→ What you have to do:
Apart from the pictures, reproduce the data below exactly as it stands.

→ Given information:
+++

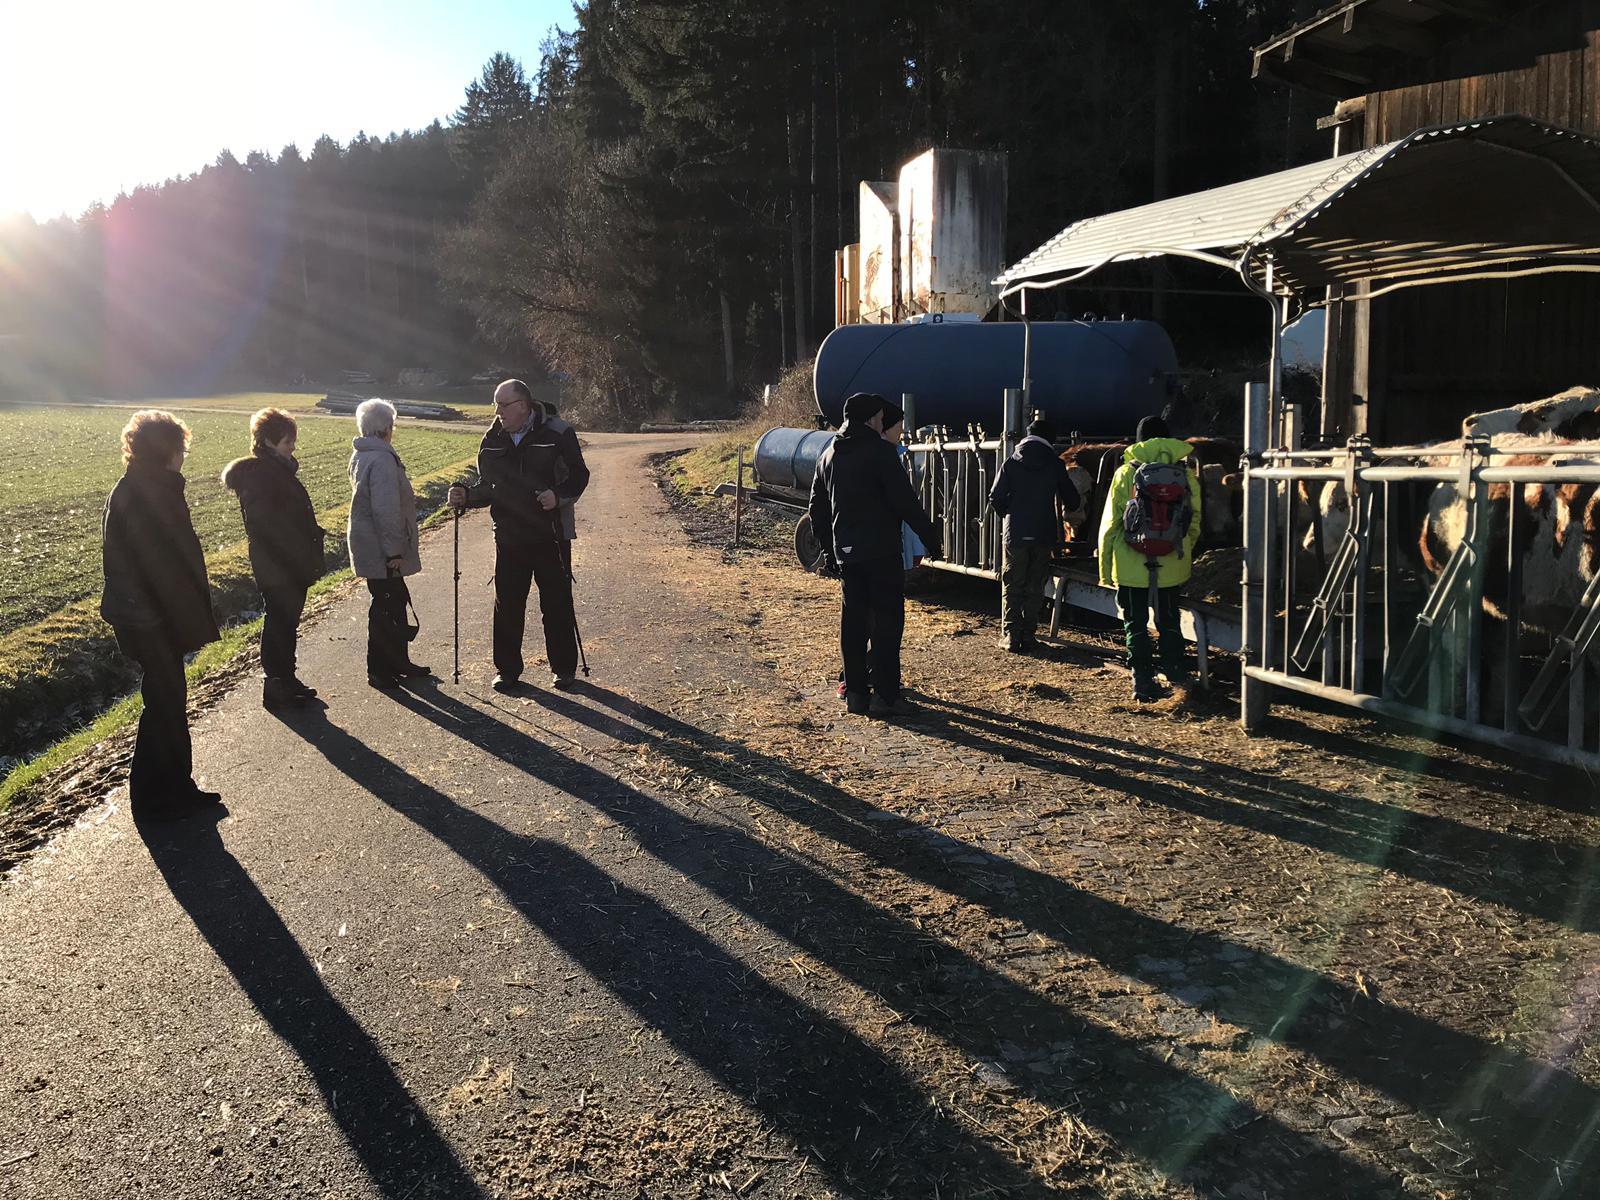 2018-12-28_Wanderung (6)
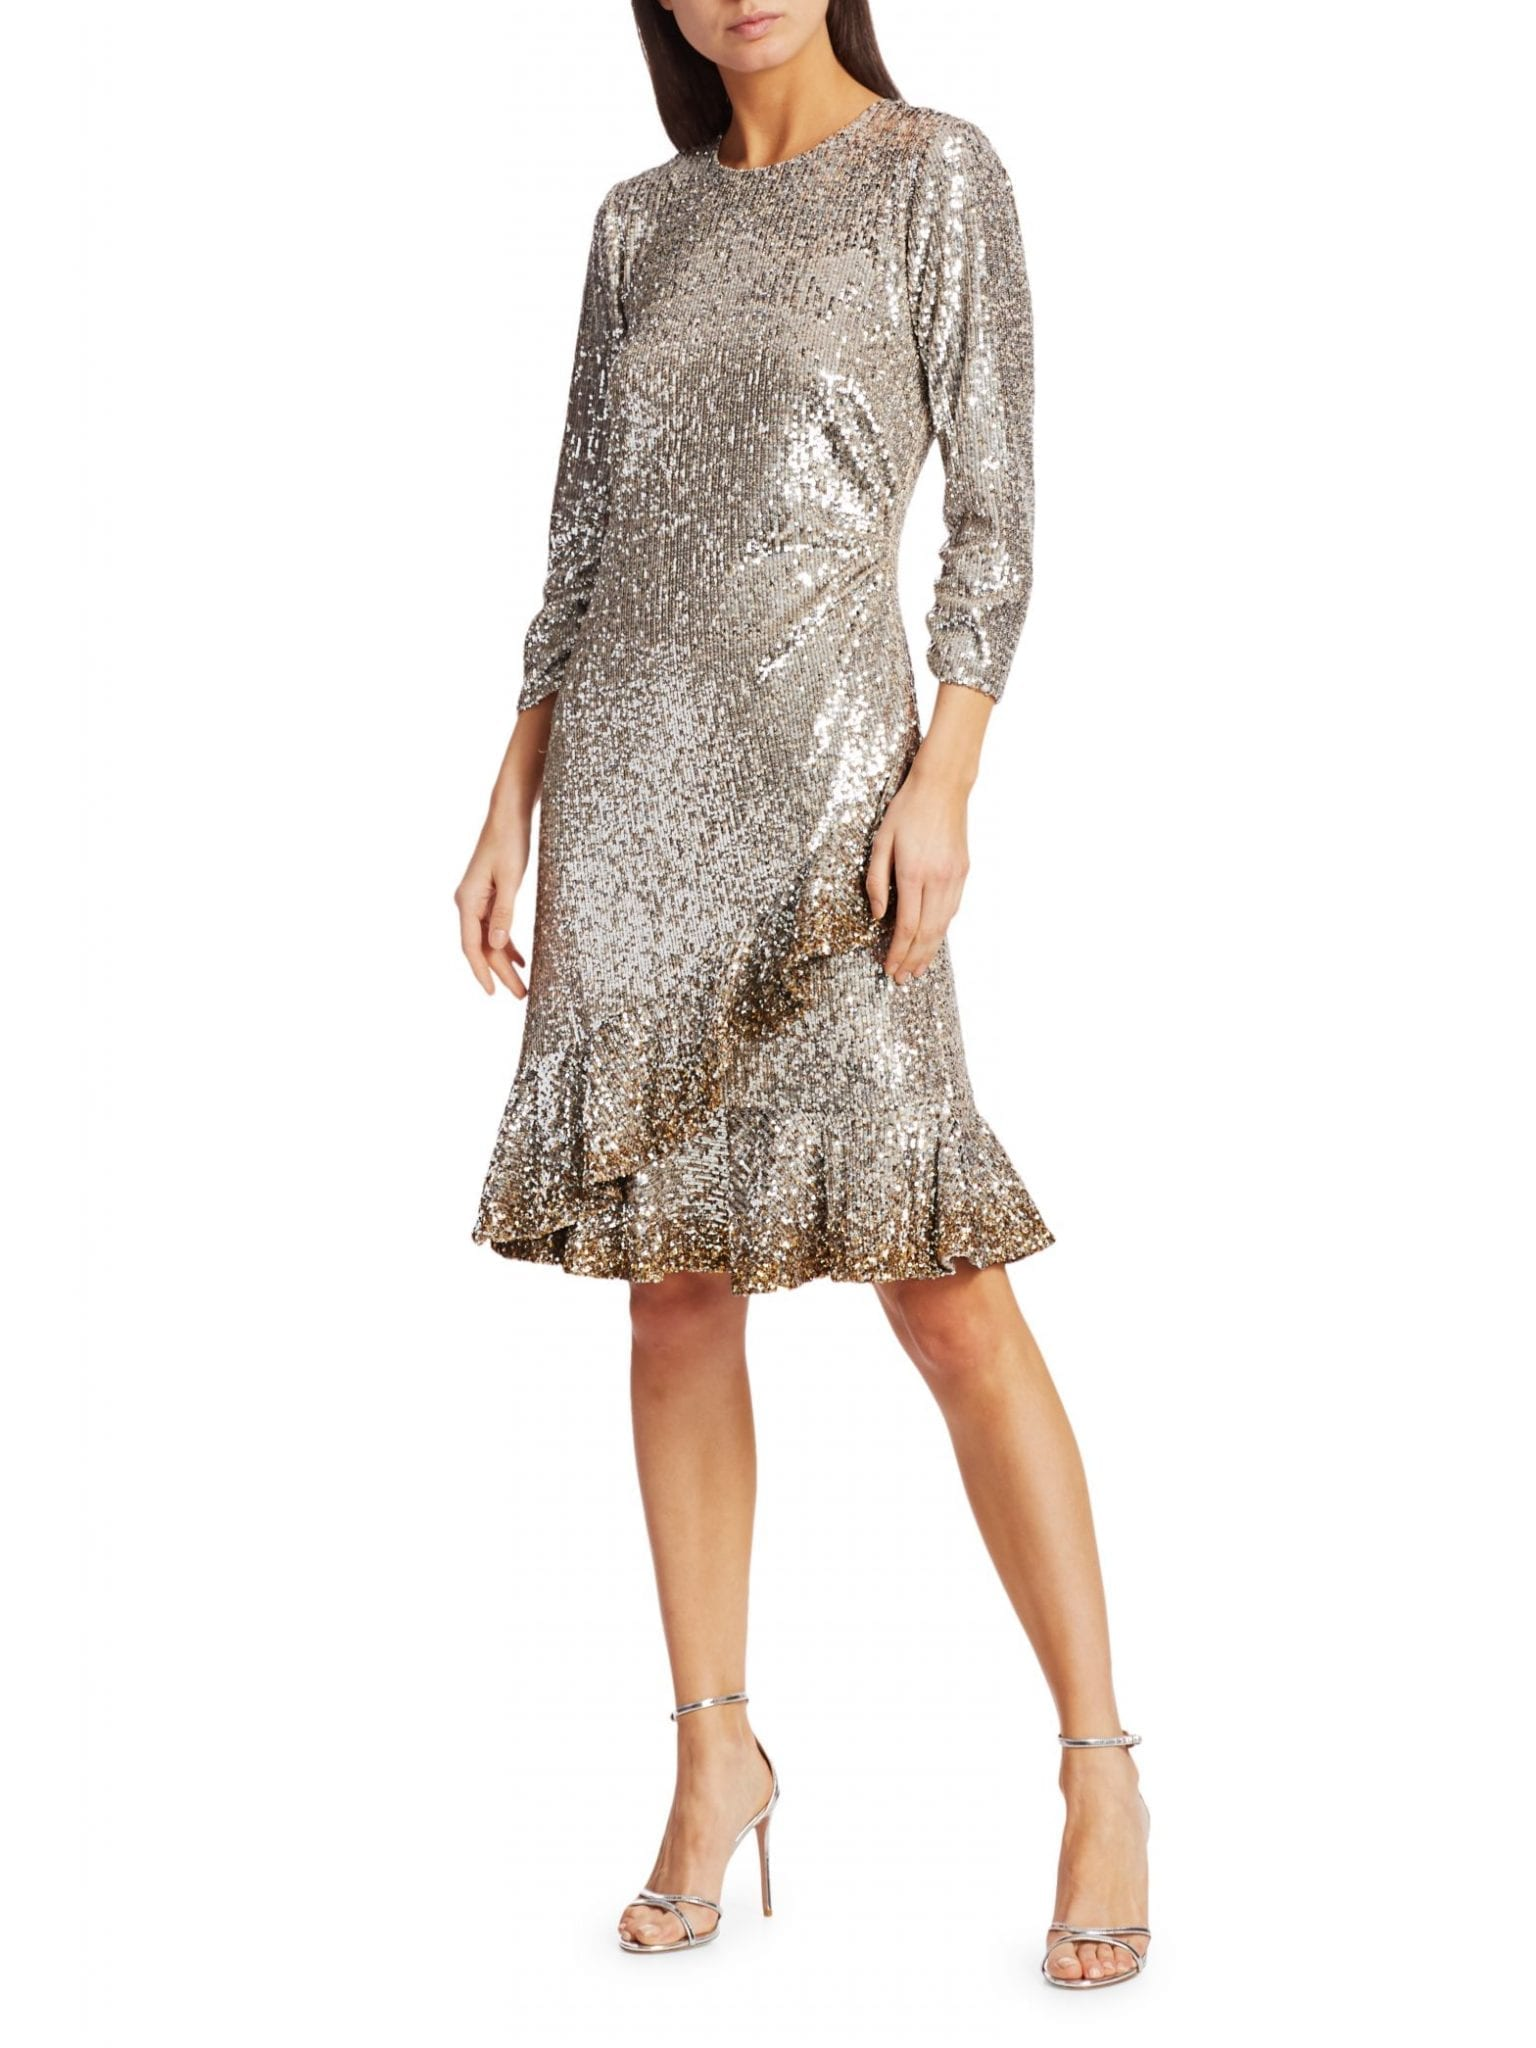 AHLUWALIA Sequin Ruffle-Hem Dress
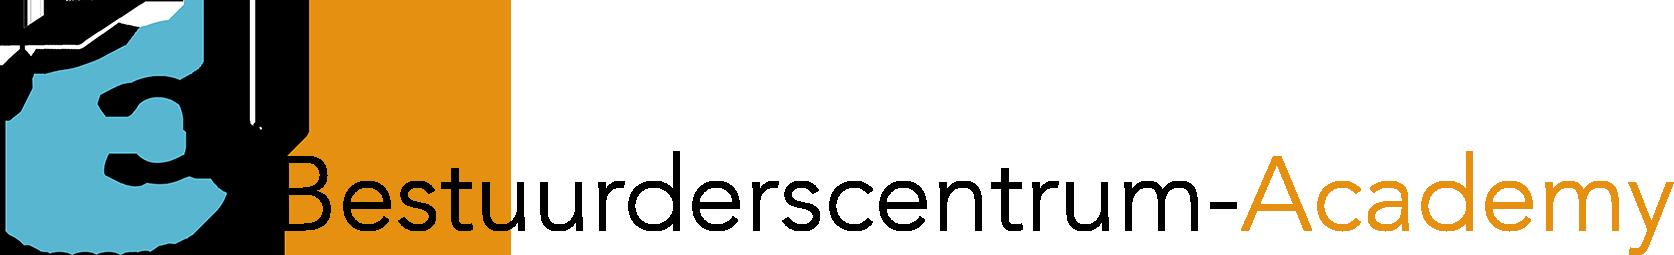 bestuurderscentrum-academy Logo

+++

→ Written reply:
 2018-12-28_Wanderung (6)
 AHLUWALIA Sequin Ruffle-Hem Dress
 bestuurderscentrum-academy Logo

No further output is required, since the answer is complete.